Sharing copyrighted works on peer-to-peer networks is legal in Canada, a federal judge ruled last week, handing the record industry a sharp setback in its international fight against file swappers.
Canadian record labels had asked the court for authorization to identify 29 alleged file swappers in that country, in preparation for suing them for copyright infringement, much as the Recording Industry Association of America (RIAA) has sued more than 1500 people in America.
But the judge denied that request. In a far-ranging decision, the court further found that both downloading music and putting it in a shared folder available to other people online appeared to be legal in Canada.
The ruling affects only Canada, but it could have wider repercussions if it stands. “This has certainly stalled (the record industry’s) current round of litigation, and ... thrown into doubt whether there is infringement at all,” said Michael Geist, a University of Ottawa law professor who closely follows Canadian copyright issues.

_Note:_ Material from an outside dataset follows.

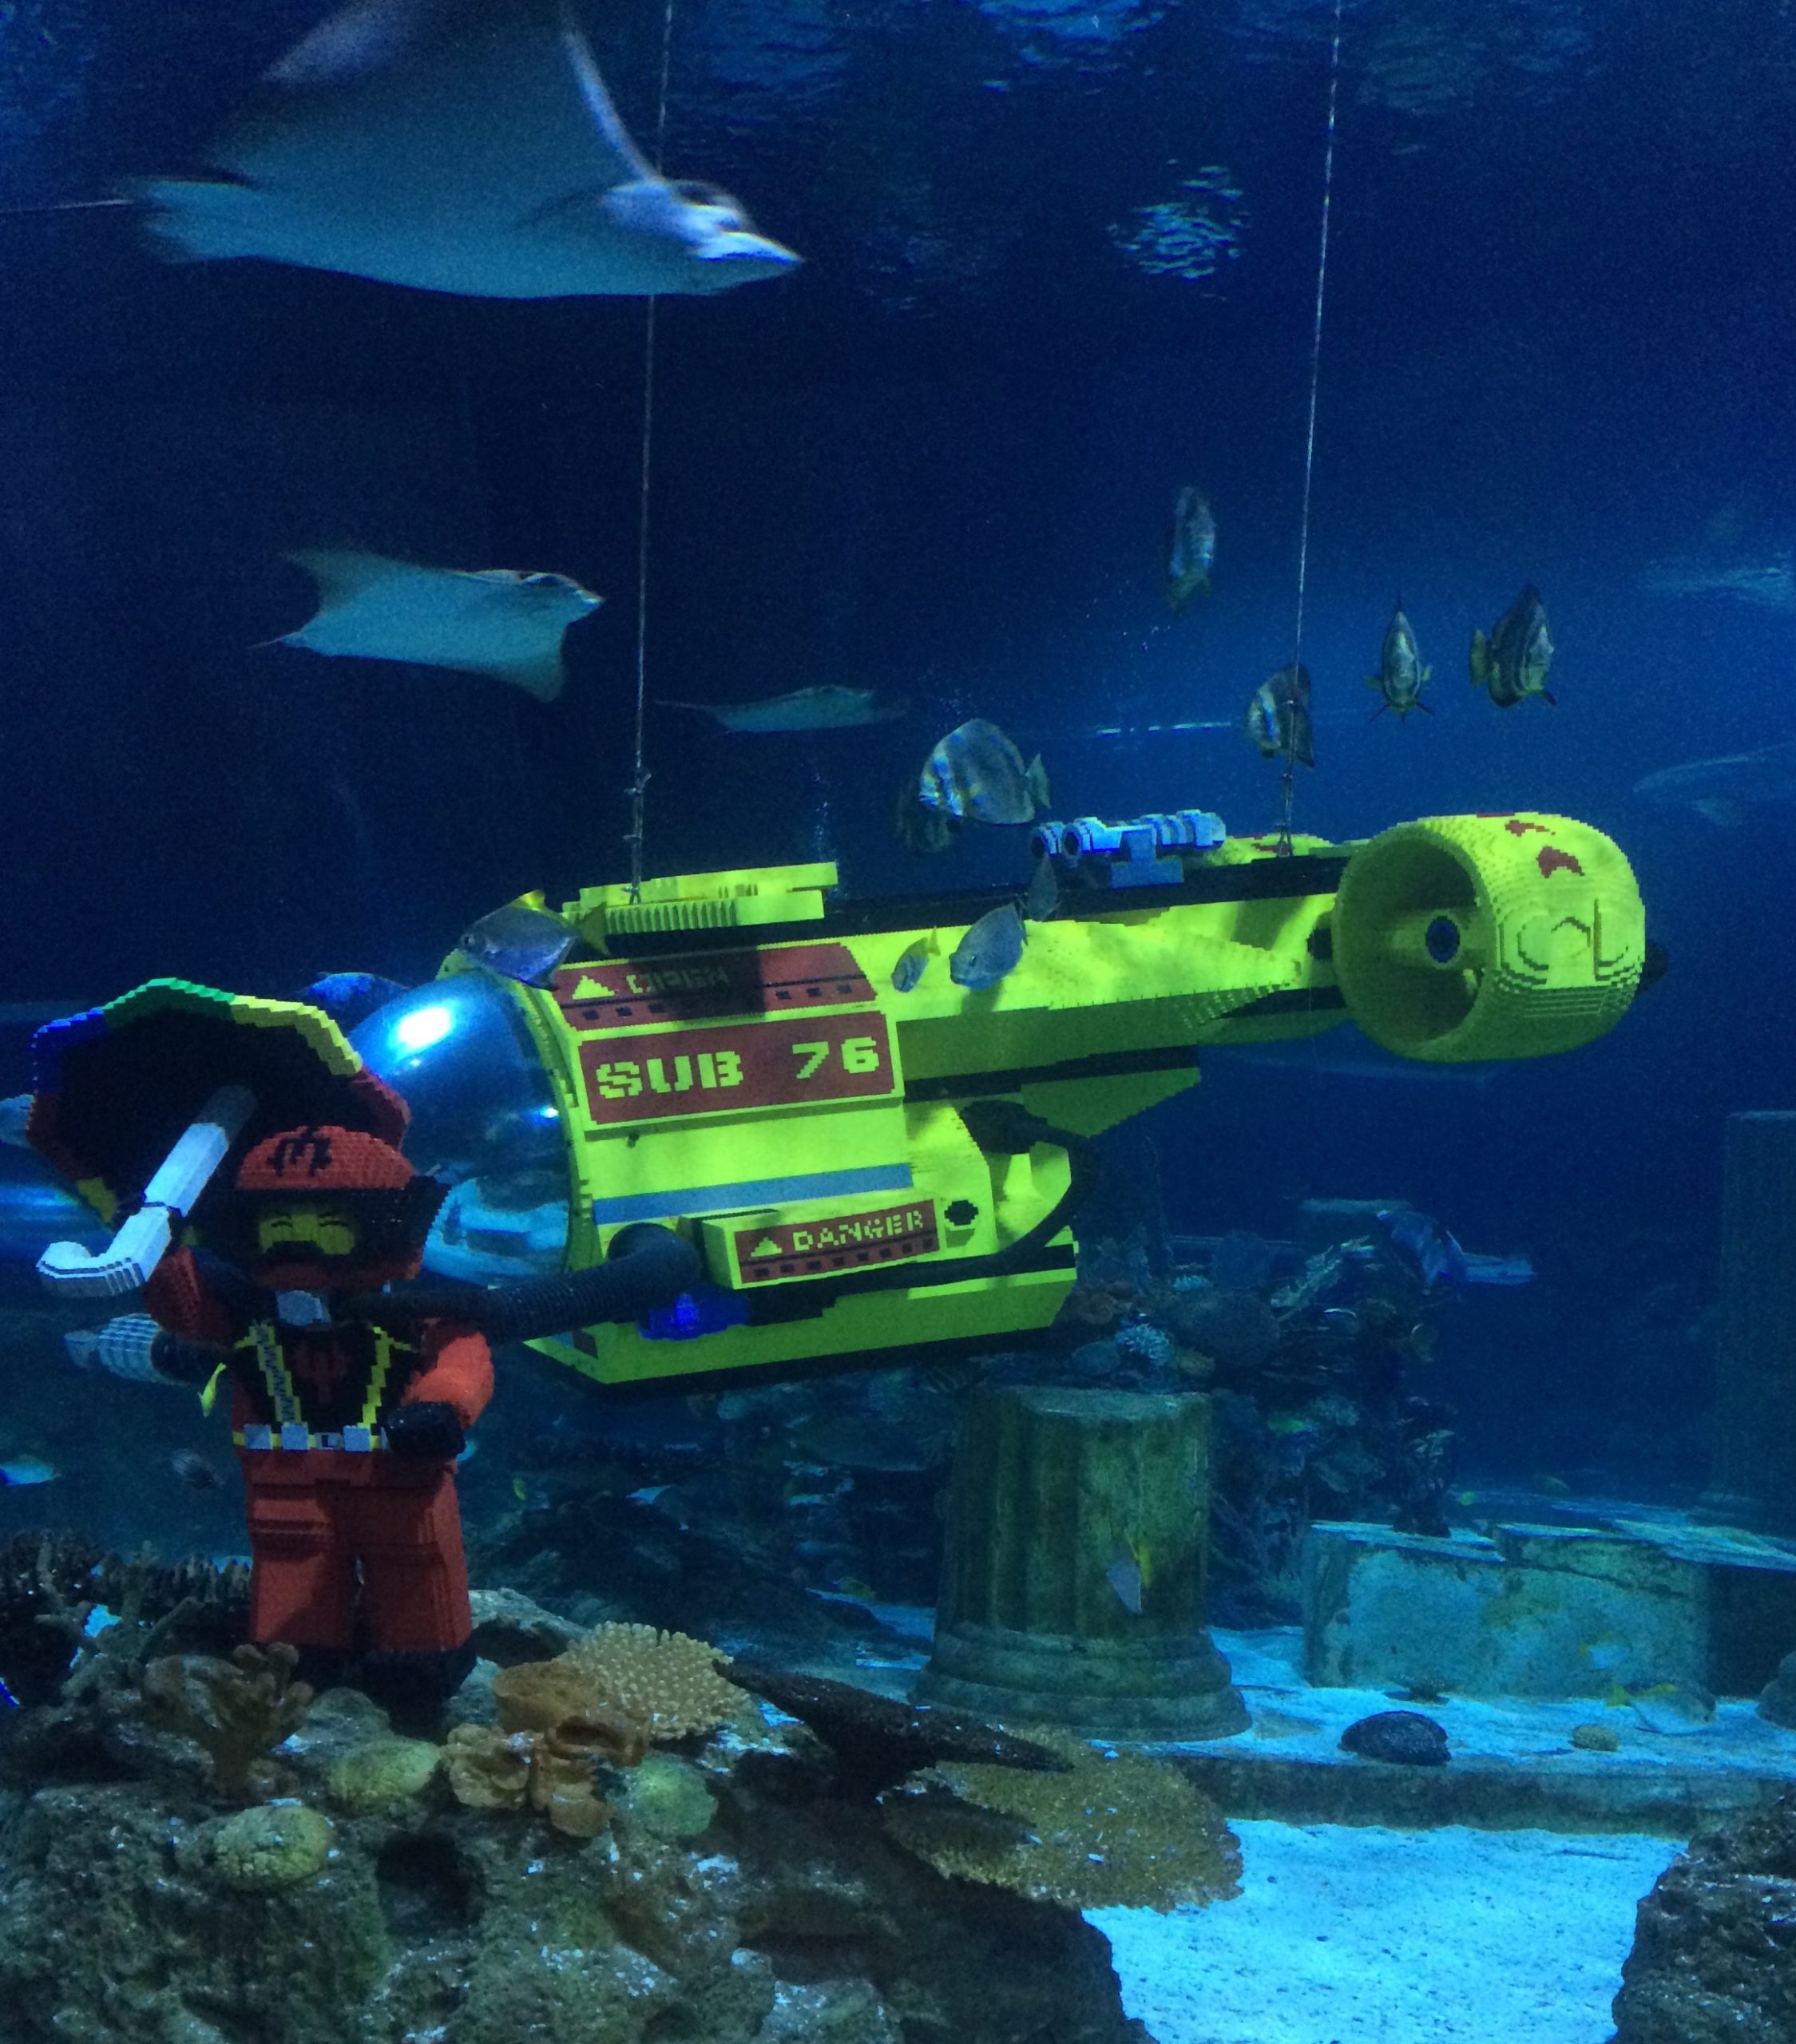 Can LEGO Go in an Aquarium - Creating Fish Fans of LEGO!

The Canadian Recording Industry Association (CRIA), which brought the case, said it did not agree with the judge’s ruling.
“We are reviewing the decision received today from the trial court and expect to appeal it,” CRIA General Counsel Richard Pfohl said in a statement. “In our view, the copyright law in Canada does not allow people to put hundreds or thousands of music files on the Internet for copying, transmission and distribution to millions of strangers.”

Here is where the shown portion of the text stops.